Succinct raster representations offer $O(\log n)$ cell queries, and $O(\mathrm{occ}+\log n)$ range and value window queries using rank/select. For general rasters, the cumulative $k^2$ (CM) and $k^3$ -tree enable efficient interval and set queries vital for probabilistic modeling of raster fields over space, value, and time. For time-evolving rasters, interleaved structures ( $I$ ) and $k^3$ -trees enable $O(\log n+\log T)$ access and $O(\mathrm{occ}+\log n+\log T)$ interval queries (Brisaboa et al., 2019).

5. Performance Analysis

Empirical performance of LucidRaster indicates a mean slowdown of $\sim$ 3.3 $\times$ compared to hardware alpha blending, competitive with or better than other high-quality OIT approximations, especially in triangle-dense or depth-complex scenes. Depth-filter size $F$ allows for explicit accuracy-speed tradeoffs: $F=3$ yields $<0.2\%$ invalid pixels, increasing $F$ to $8$ reduces error to $0.02\%$ with $2\%$ overhead. Alpha-threshold can accelerate opaque scenes by up to $30\%$ , being scene-dependent.
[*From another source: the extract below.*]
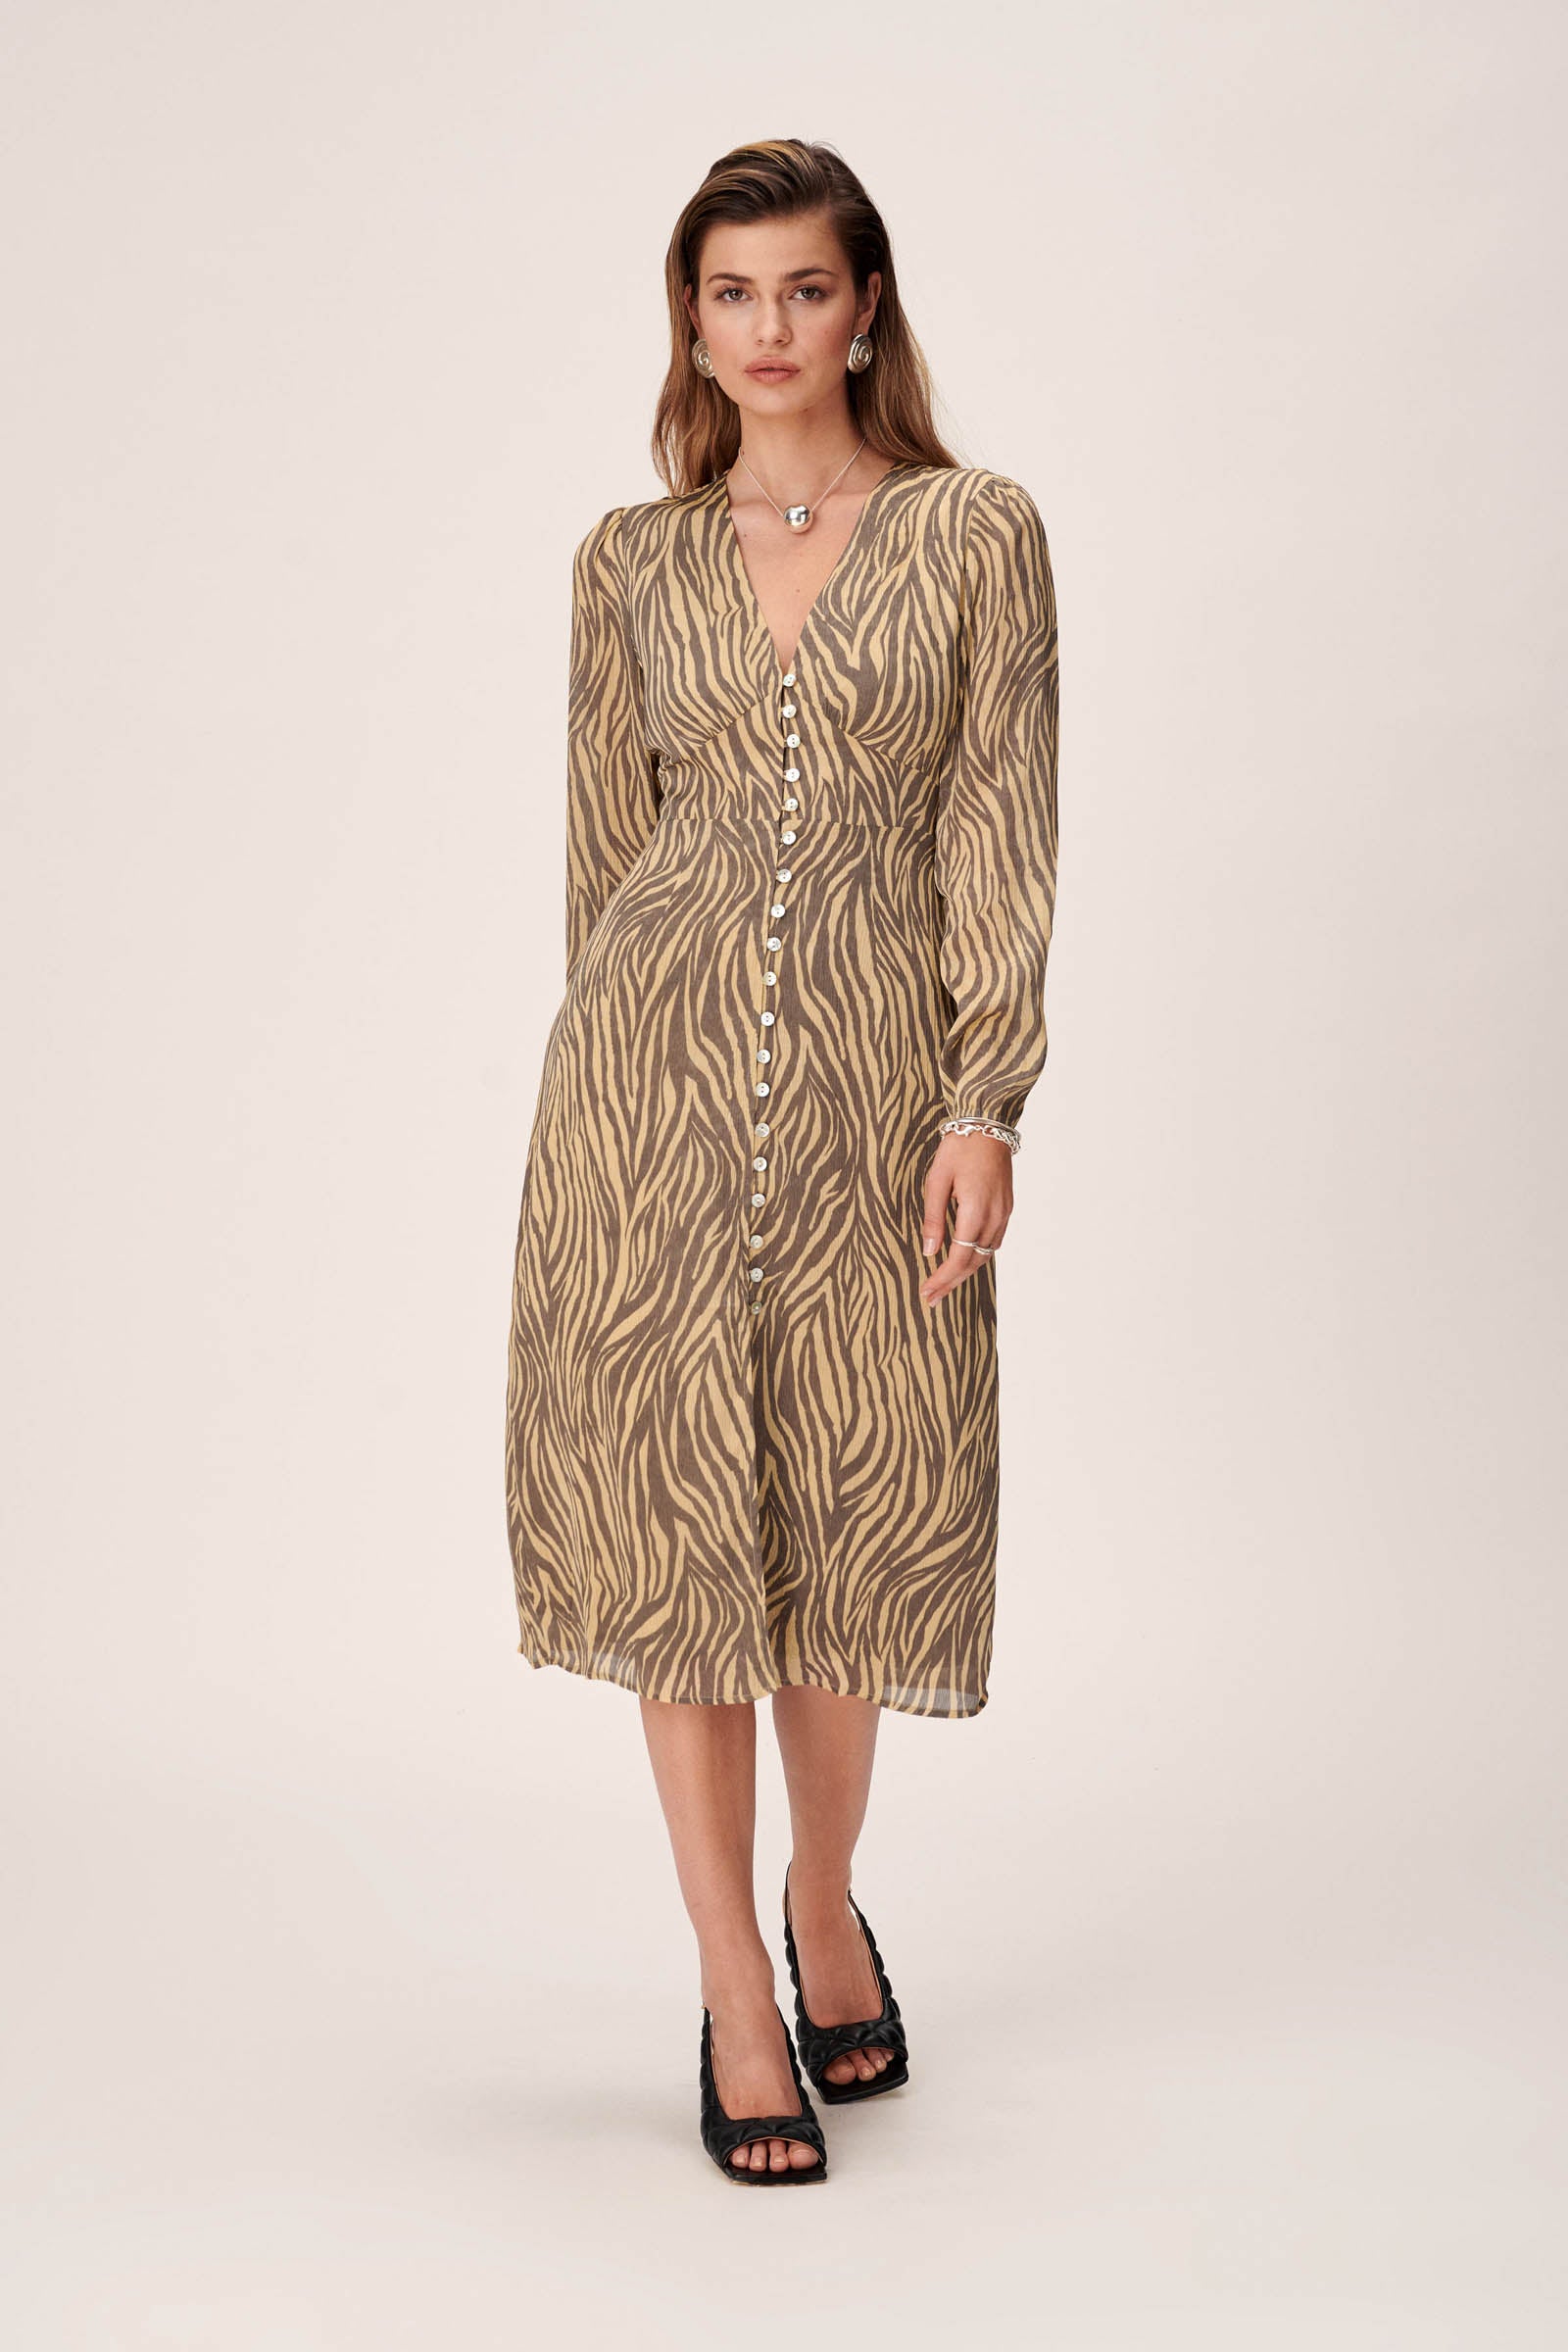 Paris dress in zebra print – Shop dress

For compact in-memory raster representations, the $k^3$ -tree attains $1.6$– $2.9~\mu$ s point queries in general rasters, and time-evolving representations ( $I$ and $k^3$ ) consistently provide interval queries in $2$– $9~\mu$ s. These structures are up to $10\times$ smaller than traditional linear quadtrees in the binary case and answer range/select queries orders of magnitude faster than compressed GeoTIFF (Brisaboa et al., 2019).
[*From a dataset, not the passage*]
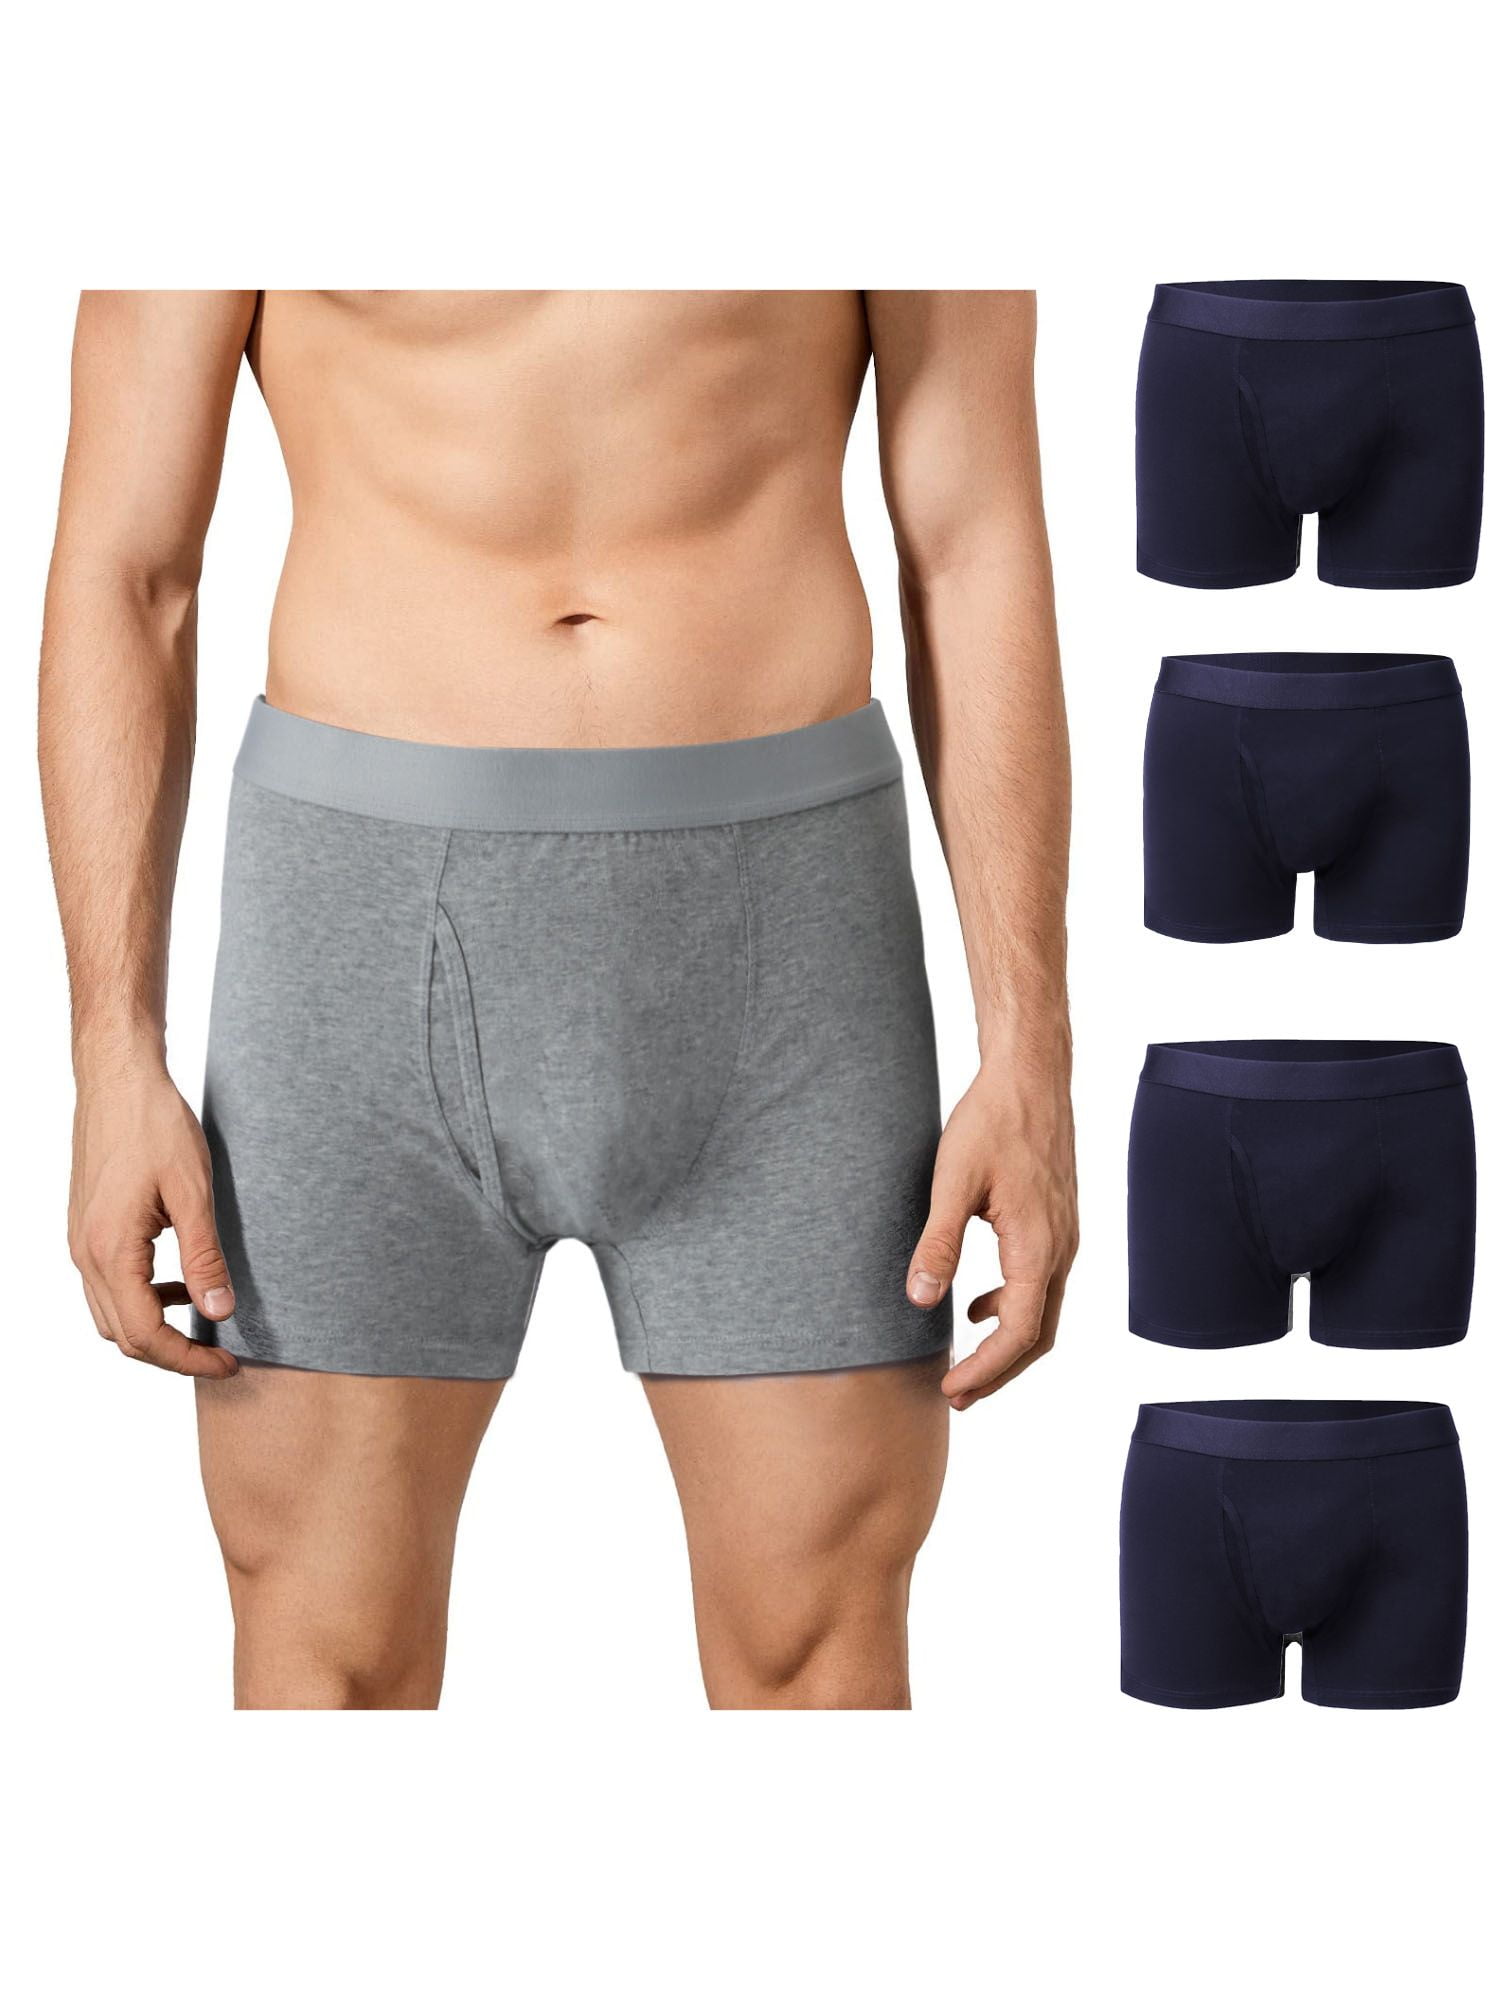 Luxtrada Men's Anti-Chafing Underwear Boxer Briefs with Pouch , 4

Summary of performance (as measured in (Jakubowski, 22 May 2024, Brisaboa et al., 2019)):

Method	Space (bits/cell)	Point Query ( $\mu$ s)	Range Query
LucidRaster	--	--	Front-to-back $O(1)$ per pixel
$k^3$ -tree (general)	1.83	1.6–2.9	2–9 $\mu$ s
$k^2$ -ones (binary)	0.03–0.04	0.29–0.41	3.4 $\mu$ s
QT-static (binary)	0.25	0.88–1.10	0.9 $\mu$ s
GeoTIFF-comp (general)	1.12	460–500	>500 $\mu$ s

6. Limitations and Prospective Extensions

LucidRaster’s memory footprint is substantial ( $\sim$ 1.2 GB); dynamic memory management could mitigate unused capacity. The fixed-bin size (32×32 pixels) could be adapted for scene density. No MSAA is currently implemented; enabling 4×–16× MSAA would increase interval storage but is feasible in the blend phase. The current default depth-filter ( $F=3$ ) can be increased to further reduce blending artifacts, but at additional cost. Concurrent execution of low- and high-raster paths may improve utilization for irregular scenes (Jakubowski, 22 May 2024).
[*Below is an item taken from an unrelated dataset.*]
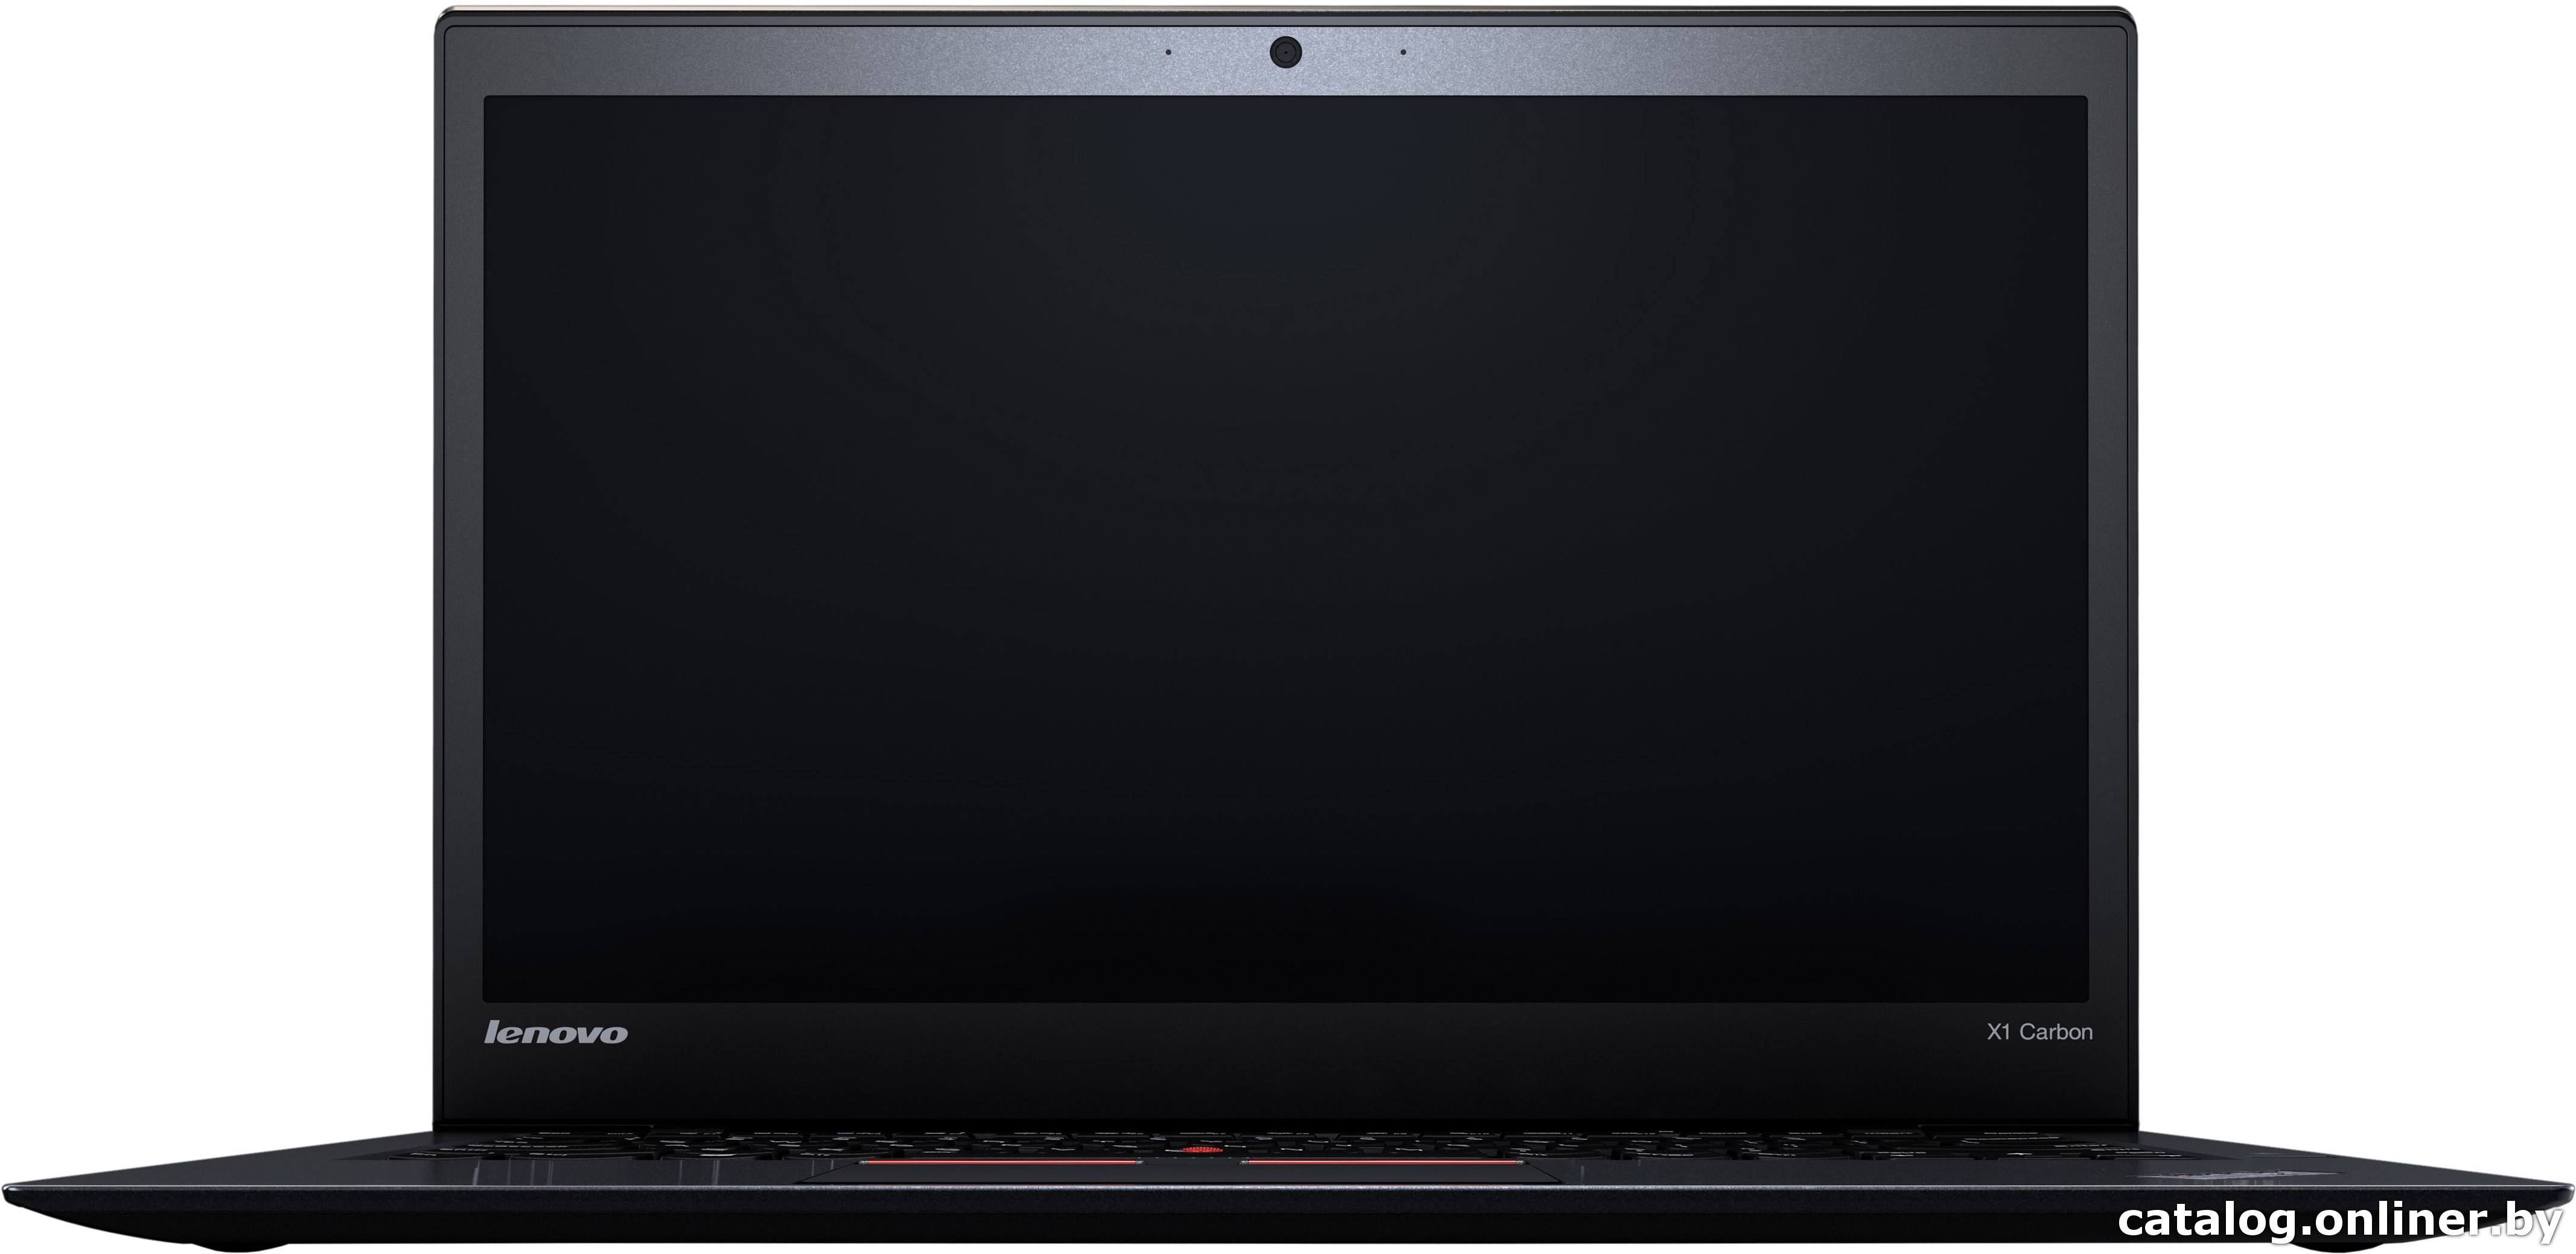 Замена клавиатуры Lenovo ThinkPad X1 Carbon 3

For succinct raster representations, scalability for very high-dimensional ( $>\!3$ D) data, or rapidly changing time-evolving environments, may challenge the practical benefits of $k^3$ -tree or interleaved strategies. Increasing value or time domain size correlates directly with storage and navigation complexity. The optimal structure in practice depends crucially on the sparsity and change regime of the underlying raster data (Brisaboa et al., 2019).

7. Broader Context and Applications

Differentiable probabilistic rasterization forms a core computational substrate for real-time graphics, scientific visualization, and spatial data analysis, with direct relevance to order-independent transparency, light transport, and probabilistic spatial modeling in GIS. The LucidRaster pipeline demonstrates efficient, exact OIT for high-complexity scenes, while succinct raster representations with $k^2$ -tree and $k^3$ -tree enable high-speed, space-efficient in-memory analytics for raster fields over space, value, and time.

The methods surveyed enable:

Exact, real-time compositing of transparent surfaces in GPU graphics pipelines (Jakubowski, 22 May 2024).
Sub-microsecond point and range queries in high-dimensional raster fields, enabling probabilistic and top- $k$ analytics in GIS and imaging pipelines (Brisaboa et al., 2019).

A plausible implication is that advances in GPU-software rasterization and succinct data structures may converge, enabling future rasterization and spatial analytics engines supporting both differentiability (for machine learning integration), probabilistic operations, and expressive query semantics at scale.